It was on an October day, the sun casting a calm glow, when I heard about my dad’s passing. Even though I knew it was coming, the news struck hard and deep. It was as if, in that moment, a significant chapter of my life sealed shut forever.
The finality of it all was overwhelming, and I realized there was no turning back the clock for final goodbyes or making up for lost time.
Three years have gone by since then, and the absence of my dad is still a void in my heart.
The void has been there for longer, though. It began when I was around fifteen – maybe earlier. My dad’s journey down the path of alcohol abuse was gradual but destructive. The countless drinks took a toll on him, changing him, eroding the man he once was.
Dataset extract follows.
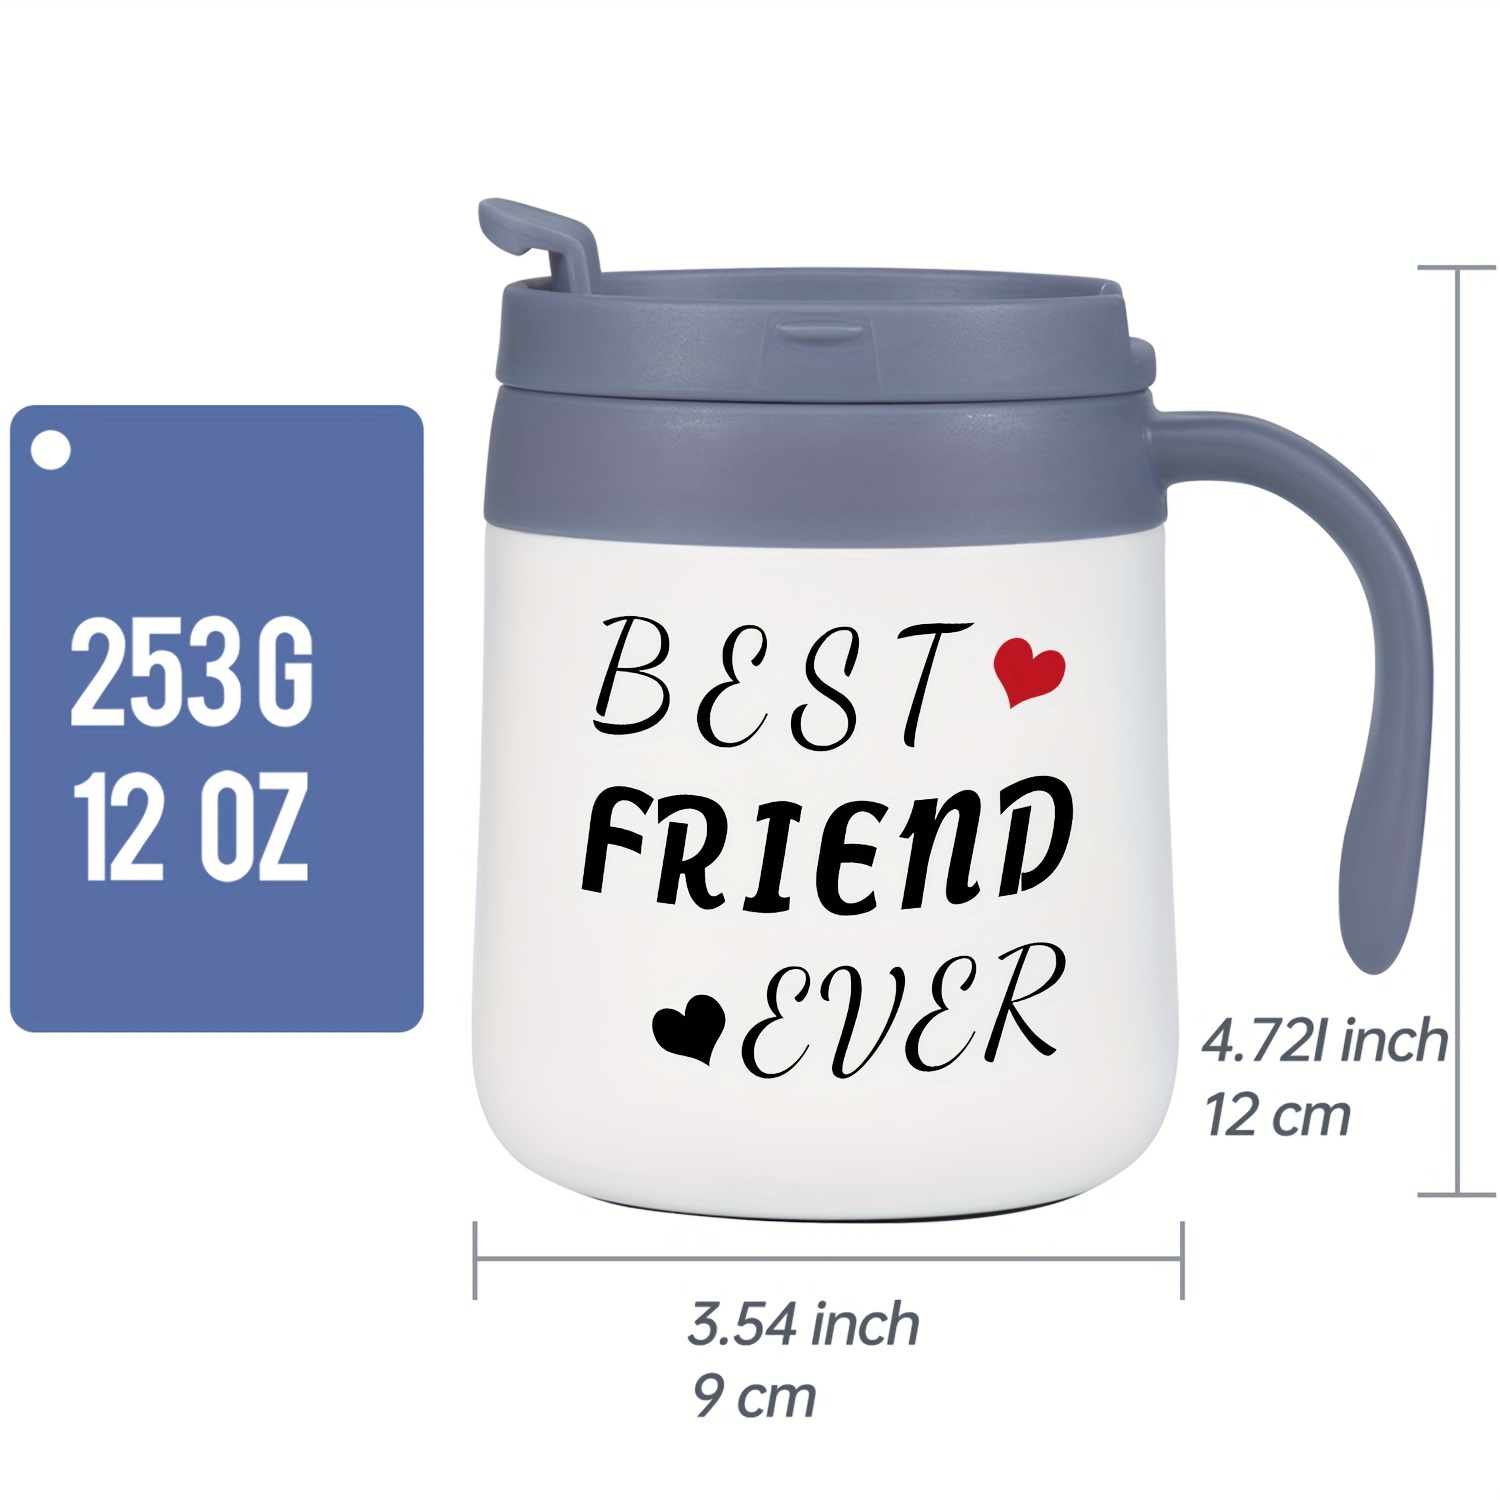 Best Friends Forever - Engraved Stainless Steel Tumbler, Best Friend Gift,  Bestie Mug

Alcohol’s impact on the brain is often irreversible, leading to cognitive impairments and memory loss. Along with the physical deterioration, the mental toll it took on him was evident.
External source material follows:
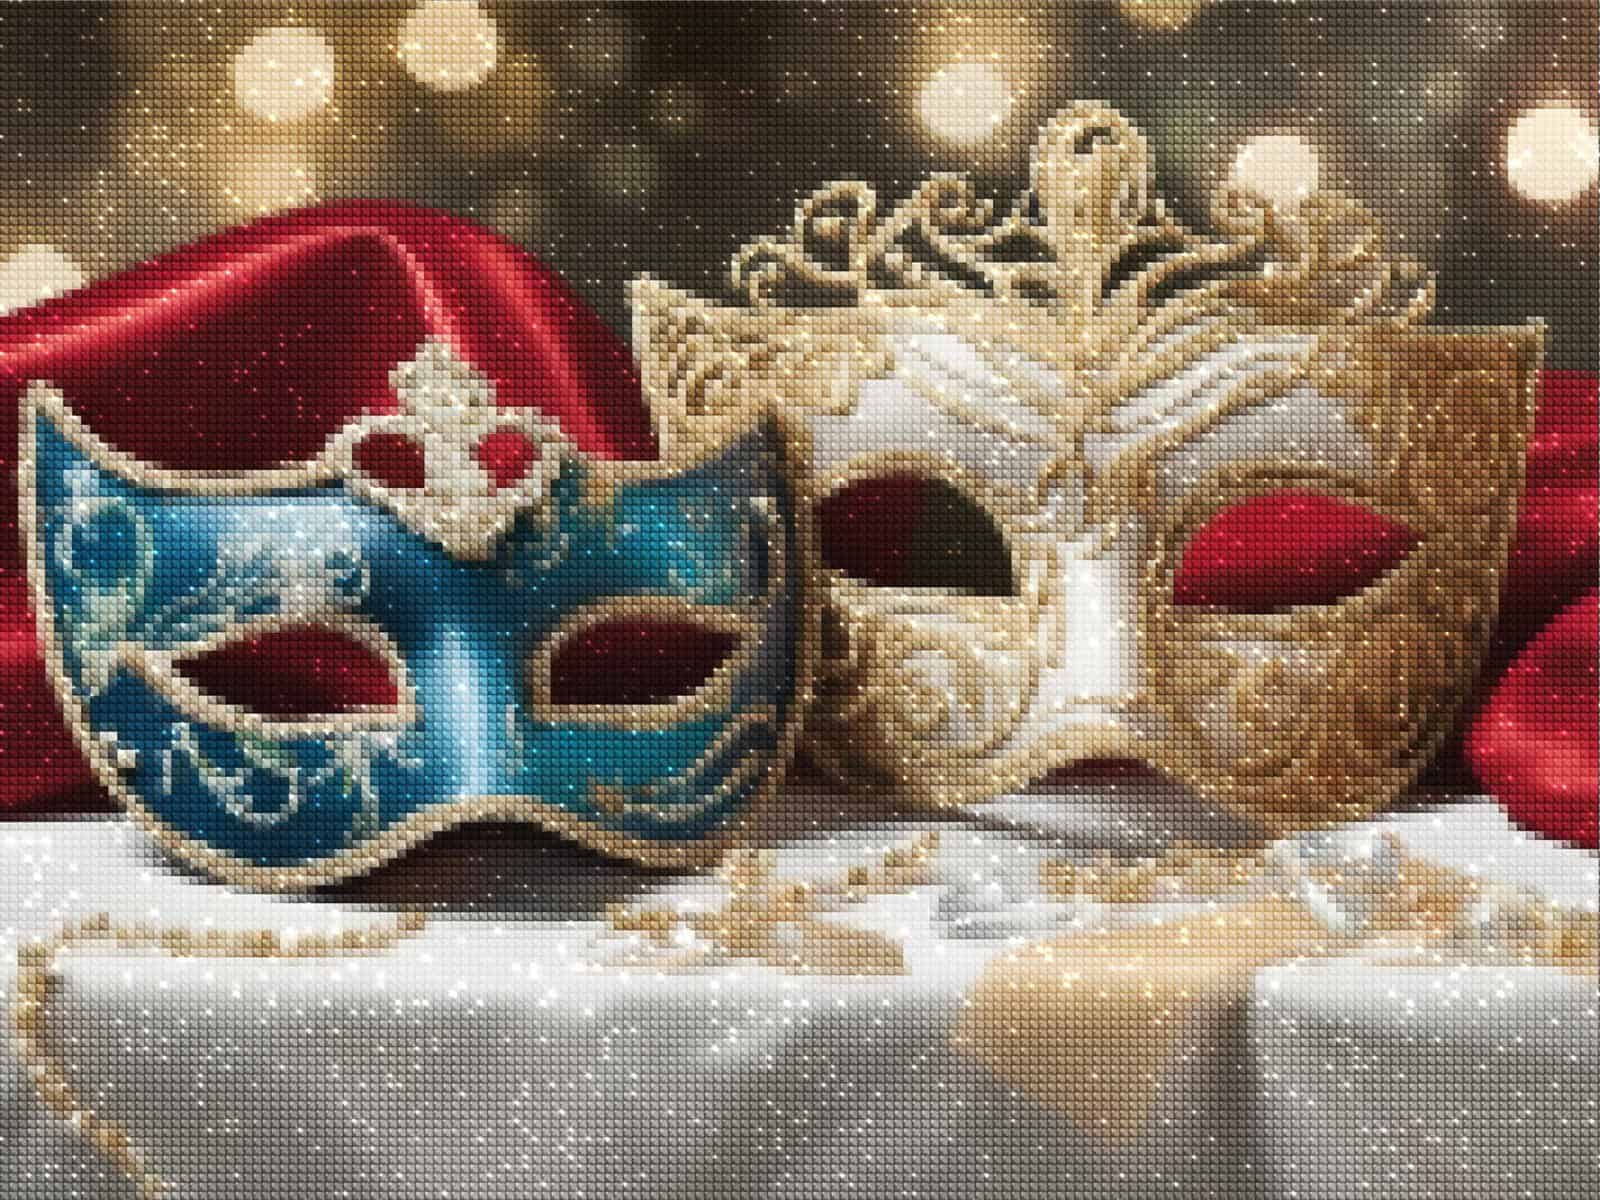 diamantes-mago-kits-de-pintura-de-diamantes-Eventos-Año Nuevo-Festivo-Baile-de-mascaras-diamantes.jpg

As time passed, my dad drifted from the center of my life to its fringes. It was as if he was slipping away beneath the surface of a murky lake, and we, his family, were helpless to save him. His judgment, logic, and perception of the world and those he loved were all distorted by the relentless grip of addiction. The man we knew was fading away, piece by piece, until only a shadow of his former self remained.
1. The journey with an alcohol-dependent parent is fraught with complexities. As a child, you’re thrust into a world of adult challenges and reversed roles, where you become the caregiver.
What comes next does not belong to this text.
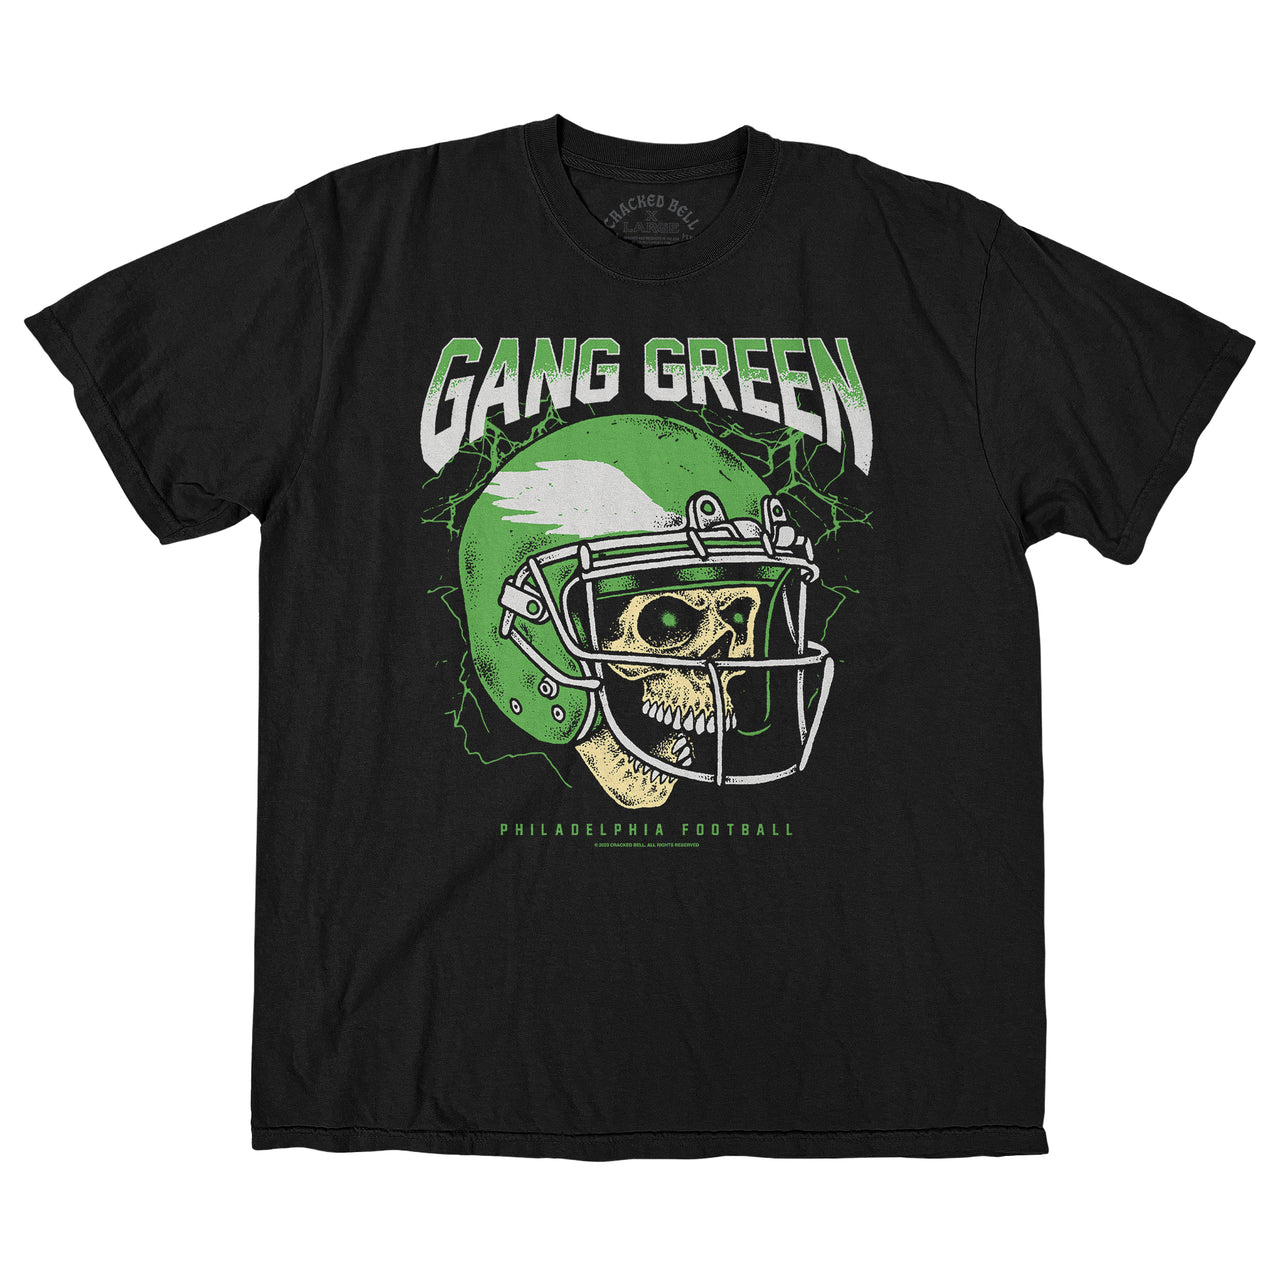 "Gang Green" Shirt

2. The loss is multifaceted – you mourn for the present, the past, and all the possibilities that will never be. The resentment and sadness are hard to escape as you watch your parent becoming someone unrecognizable.
3. Ultimately, it wasn’t just one ailment that claimed my father; it was years of surrendering to alcohol. The gradual loss was heart-wrenching, as every drink seemed to take away a part of the man I loved.
Now, at 38, I’ve seen the harsh reality of alcoholism take away loved ones. My father was a brilliant, compassionate man with a sense of adventure and a passion for social justice. But his battle with alcohol deprived him of so much, including the joy of knowing my daughter, his granddaughter.
Living in Australia, where drinking culture is rampant, I often reflect on the societal norms that glorify alcohol consumption. Despite the apparent harm, it’s celebrated and encouraged. While moderation might be a viable path for some, the danger lies in the imbalance and the glorification of excessive drinking. It’s a culture that needs reevaluation, a shift towards a healthier balance.
As I navigate my life without my father, I am reminded of the profound impact our choices have, not just on ourselves, but on those we love. In his absence, I carry the lessons of his life – a reminder of the paths I choose and the legacy I wish to leave behind.